Просторная комната с большим окном казалась пустой на первый и даже на второй взгляд. На третий взгляд проявлялись распластавшиеся по стенам узкая кровать с плоской подушкой, умывальник, стол и шифоньер – все блеклое, незначимое, полустертое. Имели объем лишь три предмета обстановки – полка с книгами (из книг торчат закладки) над кроватью, черный с блестящими деталями бинокуляр, на предметном столике которого металлической лапкой зажат препарат, и большая лупоглазая кукла-младенец, сидящая у подушки на кровати – в немного выцветшем, но богатом платьице с оборочками, в кружевном чепчике, в шелковых чулочках, крошечных кожаных башмачках и изящных, выглядывающих из-под платья панталончиках.

Чуть поколебавшись, Январев опустил Лешку на кровать (куклу передвинул к стене), снял с его ног полуразвалившиеся ботинки, смотал и бросил на пол обмотки. Грязные ступни мальчика оказались узкими, вполне изящной формы, но выглядели ужасно. Внешняя сторона левого мизинца стерта до мяса. Под ногтем среднего пальца правой ноги почти созревший нарыв нехорошего вида. Никакого сочувствия или удивления Январев не испытал. Обучаясь медицине, он посещал разные больницы, и городские, и земские, и прекрасно знал, в каком состоянии обычно находятся кожные покровы у беднейших слоев населения. Особенно зимой, когда ноги и руки все время мокрые и холодные. Особенно у детей, которым для роста и формирования организма все время нужны разнообразные питательные вещества, которых они, конечно же, не получают в достаточном количестве.

Василий, грохоча по обнаженным нервам, притащил лохань. Потом два огромных ведра с горячей водой. Федосья принесла холодную воду, кувшин и полотенца.

– Помочь, что ль? – спросила она, с явным неодобрением глядя на разлегшегося на постели бродяжку. Не удержалась: Аполинария Никитична никогда не умела держать прислугу в строгости, и, как результат, часто увольняла ее за воровство и вольности с постояльцами. – Охота вам с ним… Коли невмочь, так сдали бы его в больницу или еще куда…

– Иди, Федосья, – сквозь зубы сказал Январев и почти с вожделением взглянул на исходящие паром ведра. – Я сам.

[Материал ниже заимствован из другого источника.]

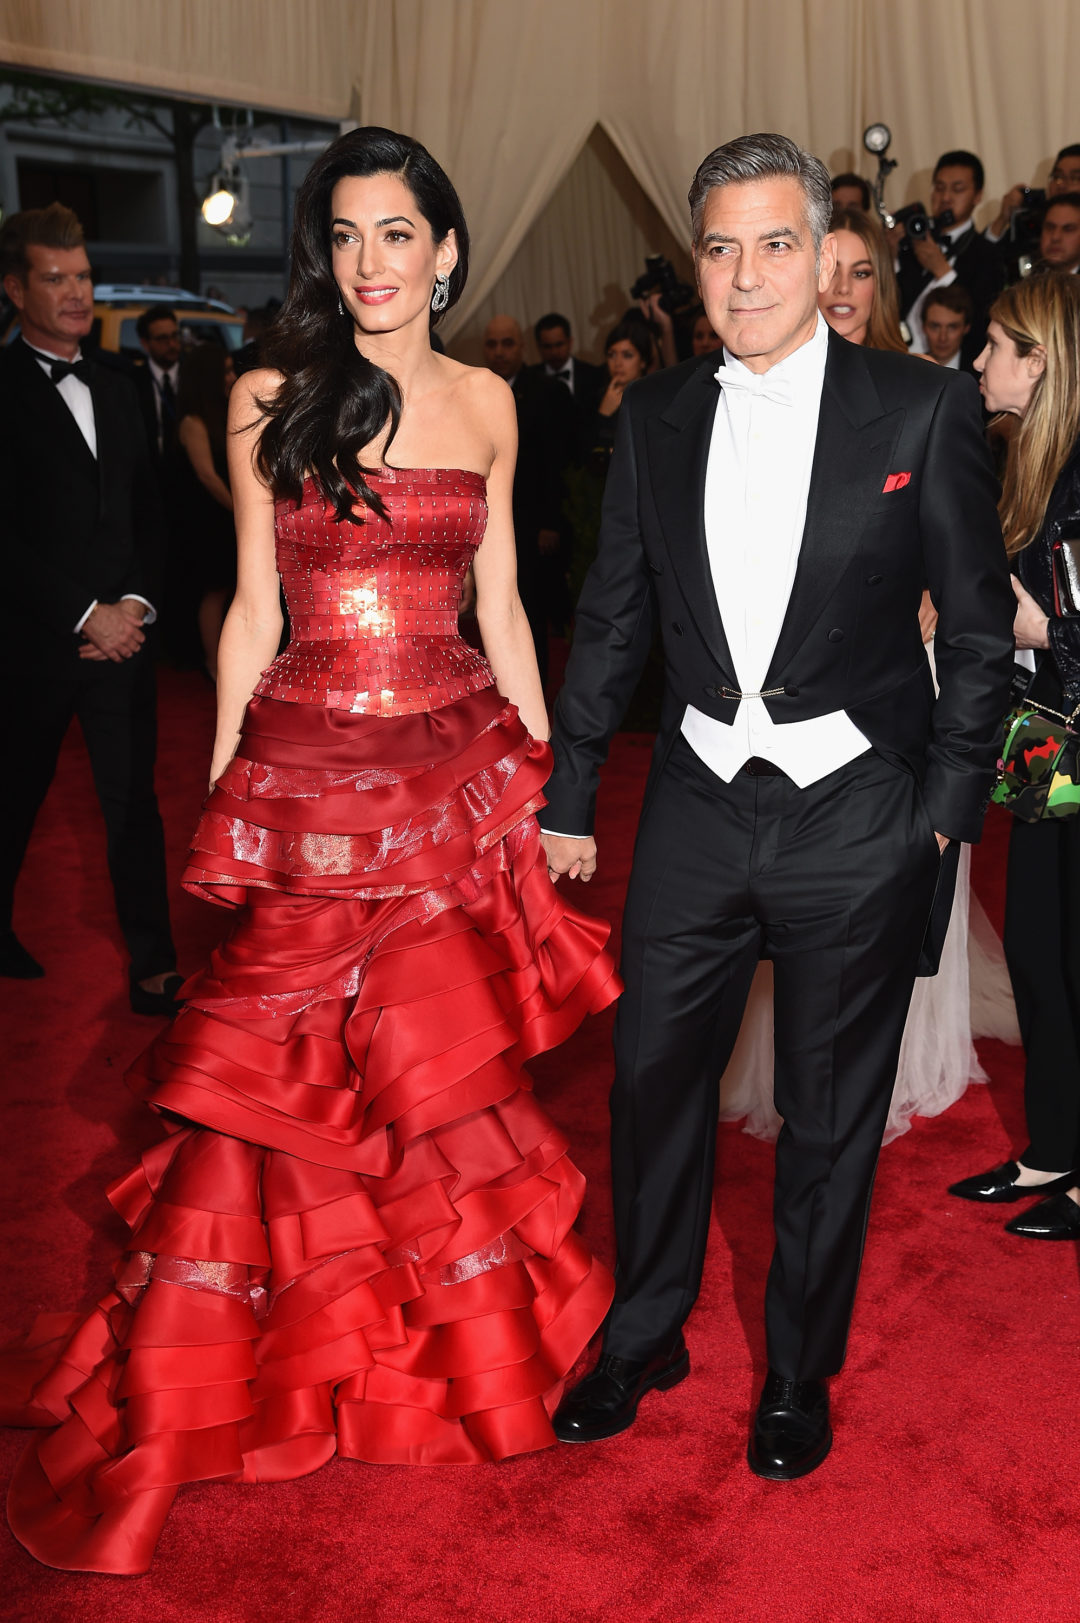 NEW YORK, NY - MAY 04: Amal Clooney and George Clooney attend the "China: Through The Looking Glass" Costume Institute Benefit Gala at the Metropolitan Museum of Art on May 4, 2015 in New York City. (Photo by Dimitrios Kambouris/Getty Images)

Достал чистую рубаху, разделся до пояса, с наслаждением умылся, промыл и промокнул салфеткой ссадину на щеке. Кровотечение под ключицей почти остановилось и, поскольку рука двигалась свободно, стало быть – немедленных опасностей нет, а после Адам взглянет – не ковыряться же в ране сейчас, в присутствии незнакомого мальчишки. Приложил тампон с мазью. Мимоходом взглянул на себя в висящее над умывальником зеркало – как всегда, не увидел ровно ничего привлекательного. Растерся теплым жестким полотенцем, пахнущим знакомой цветочной отдушкой – Аполинария Никитична издавна брызгала чем-то на белье для услаждения обоняния жильцов. У младшей зильберманихи от этой отдушки регулярно случался неостановимый никакими средствами насморк – года два немки без толку убеждали хозяйку, а потом стали пользоваться своим бельем.

Остро чувствовал себя живым – гнал чувство вины и собственной слабости, оставляя на потом: отдых, отдых, отдых, подумаю после… Надо бы разуться, осмотреть и перебинтовать ногу, там временная повязка, смастряченная из разорванной оборки незнакомой курсисткой в Фидлеровском училище… Еще минутку…

Когда оторвался от гигиенических восторгов, поставил на табуретку пустой кувшин, увидел, что мальчишка на кровати пришел в себя, но глядит не на него, как ожидалось бы по ходу событий, а на куклу – живые глаза прямо в нарисованные. Но вот приподнялся, сморщился, схватился грязной рукой за взлохмаченную черно-курчавую шевелюру.

– Голова? – спросил Январев. – Ничего, это пройдет. Зато – живой.

– Тебя будто просили, – проворчал Лешка. Сразу видно было, что этот маленький босяк не из тех, которые любят одалживаться.

– Просили, точно, – серьезно сказал Январев. – Умирающий товарищ о тебе думал. Это важно.

– Дядя Митя добрый был, – Лешка коротко сопнул маленьким носом. – Он на железной дороге работал.

– Да покоится с миром, – автоматически сказал Январев и тут же подумал о сомнительности мира в душе человека, погибшего в результате подавленных революционных беспорядков в борьбе с властями.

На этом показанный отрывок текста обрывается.